Meta is dramatically expanding its artificial intelligence infrastructure. Just days after strengthening its partnership with Nvidia, the company has announced a major multi-year agreement with Advanced Micro Devices (AMD) to deploy up to 6 gigawatts (6GW) of AMD GPUs to power its next generation of AI data centres according to a report by CNBC.
This is not a minor procurement update. The deal is valued in the multi-billion-dollar range and involves the large-scale acquisition of advanced AI GPUs, placing it alongside major AI infrastructure investments by the likes of Microsoft and Tesla in recent years. That makes it one of the most notable AI hardware commitments, reflecting how aggressively companies are racing to secure the compute power needed as AI models become larger and more resource-intensive.
What Has Meta Announced?
Meta has entered into a long-term strategic partnership with AMD to deploy up to 6GW of AMD Instinct GPUs. These graphics processing units (GPUs) will be used in Meta’s AI data centres to train and run advanced artificial intelligence models.
The announcement comes shortly after Meta expanded its agreement with Nvidia for millions of GPUs. In simple terms, Meta is not choosing one chip supplier over another. Instead, it is investing heavily in both.
This dual approach signals a deliberate effort to diversify its AI hardware supply chain.
What Does 6GW of GPUs Mean?
The “6GW” figure refers to power capacity. A gigawatt equals one billion watts. So 6GW represents six billion watts of power capacity allocated to AI compute infrastructure.
To put that into perspective:
It is comparable to the output of multiple large power stations.
It represents an enormous data centre scale.
It reflects the extreme energy demands of modern AI training models.
Artificial intelligence systems, particularly large language models and generative AI platforms, require immense computational resources. Training these systems involves processing vast quantities of data across thousands of GPUs simultaneously.
Meta’s 6GW commitment shows how serious it is about scaling its AI operations.
Why Is Meta Investing So Heavily in AI Chips?
Meta has repositioned itself as an AI-first company. From content recommendations and advertising optimisation to generative AI tools and smart assistants, artificial intelligence now underpins much of its business.

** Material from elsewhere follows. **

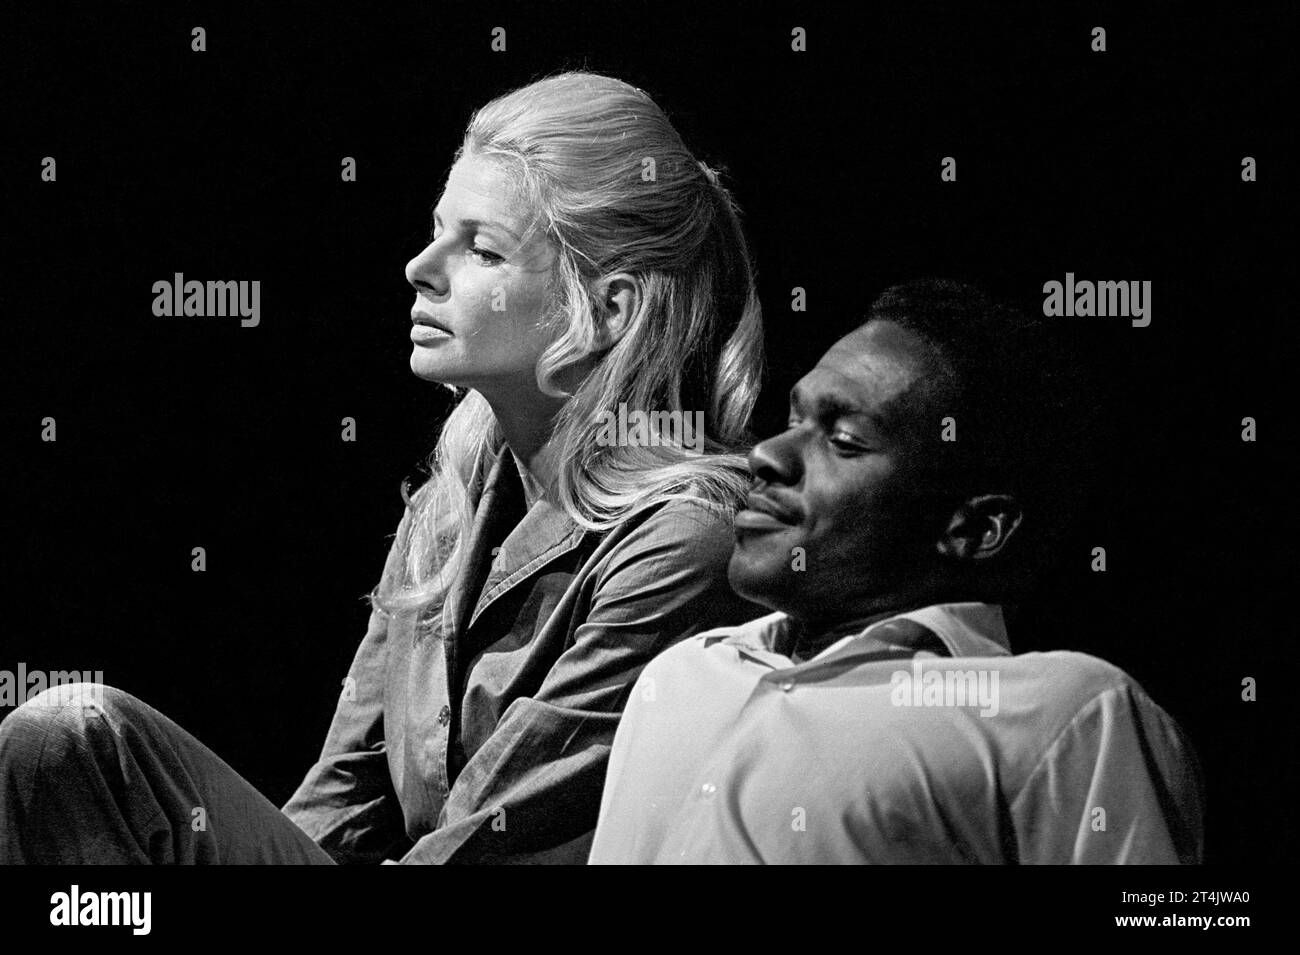 Mary Peach (Gail), Rudolph Walker (Scott) in DON'T GAS THE BLACKS by Barry Reckord at the Open Space Theatre, London WC1  21/10/1969           design: Len Drinkwater  director: Lloyd Reckord Stock Photo

Key areas driving Meta’s AI infrastructure growth include:
Large language model development
AI-powered advertising systems
Content moderation tools
AI assistants and chatbots
Virtual and augmented reality development
AI hardware is the backbone of all these initiatives. Without high-performance GPUs, these systems cannot function efficiently.
By securing long-term GPU supply agreements with both AMD and Nvidia, Meta is safeguarding its ability to scale.
Why Work With Both AMD and Nvidia?
Nvidia currently dominates the AI chip market. Its GPUs are widely used for AI model training and high-performance computing.
However, relying on a single supplier carries risks:
Supply chain bottlenecks
Pricing pressures
Limited negotiating leverage
Slower innovation cycles
By partnering with AMD as well, Meta gains flexibility and competitive balance.
AMD’s Instinct GPU line has improved significantly in recent years. The company is positioning itself as a credible alternative in the AI accelerator market. Securing a multi-gigawatt deployment with Meta strengthens AMD’s standing in the AI chip race.
For Meta, diversification enhances resilience and bargaining power.
The Energy Question
A 6GW GPU deployment raises another issue: energy consumption. AI data centres are power-intensive. Governments and regulators are increasingly scrutinising the environmental impact of large-scale computing facilities.
Meta and other technology firms face pressure to balance AI growth with sustainability goals. Renewable energy sourcing, data centre efficiency improvements, and advanced cooling technologies are becoming central to AI infrastructure planning.
This partnership therefore intersects not only with technology strategy, but also with environmental policy.
How This Fits Into Meta’s Long-Term Vision
Meta’s broader strategy centres on building advanced AI systems that enhance its platforms and services. From social media algorithms to huge virtual environments, AI drives engagement and monetisation.
The company has previously signalled plans to invest tens of billions of dollars in AI infrastructure. This AMD deal aligns with that commitment.
The scale of compute being secured suggests Meta expects AI demand to rise sharply over the coming years.
What This Means for the AI Industry
Meta’s 6GW AMD GPU deployment reflects three clear trends:
AI infrastructure spending is accelerating.
Chip supplier diversification is becoming standard practice.
Compute capacity is now a competitive advantage.
The artificial intelligence race is no longer just about algorithms. It is about hardware scale, energy access, and long-term supply agreements.
Companies that secure sufficient compute resources will be better positioned to train more powerful models and deploy advanced AI products.
Meta’s decision to deploy up to 6GW of AMD GPUs, shortly after expanding its Nvidia partnership, underscores the scale of today’s AI infrastructure race.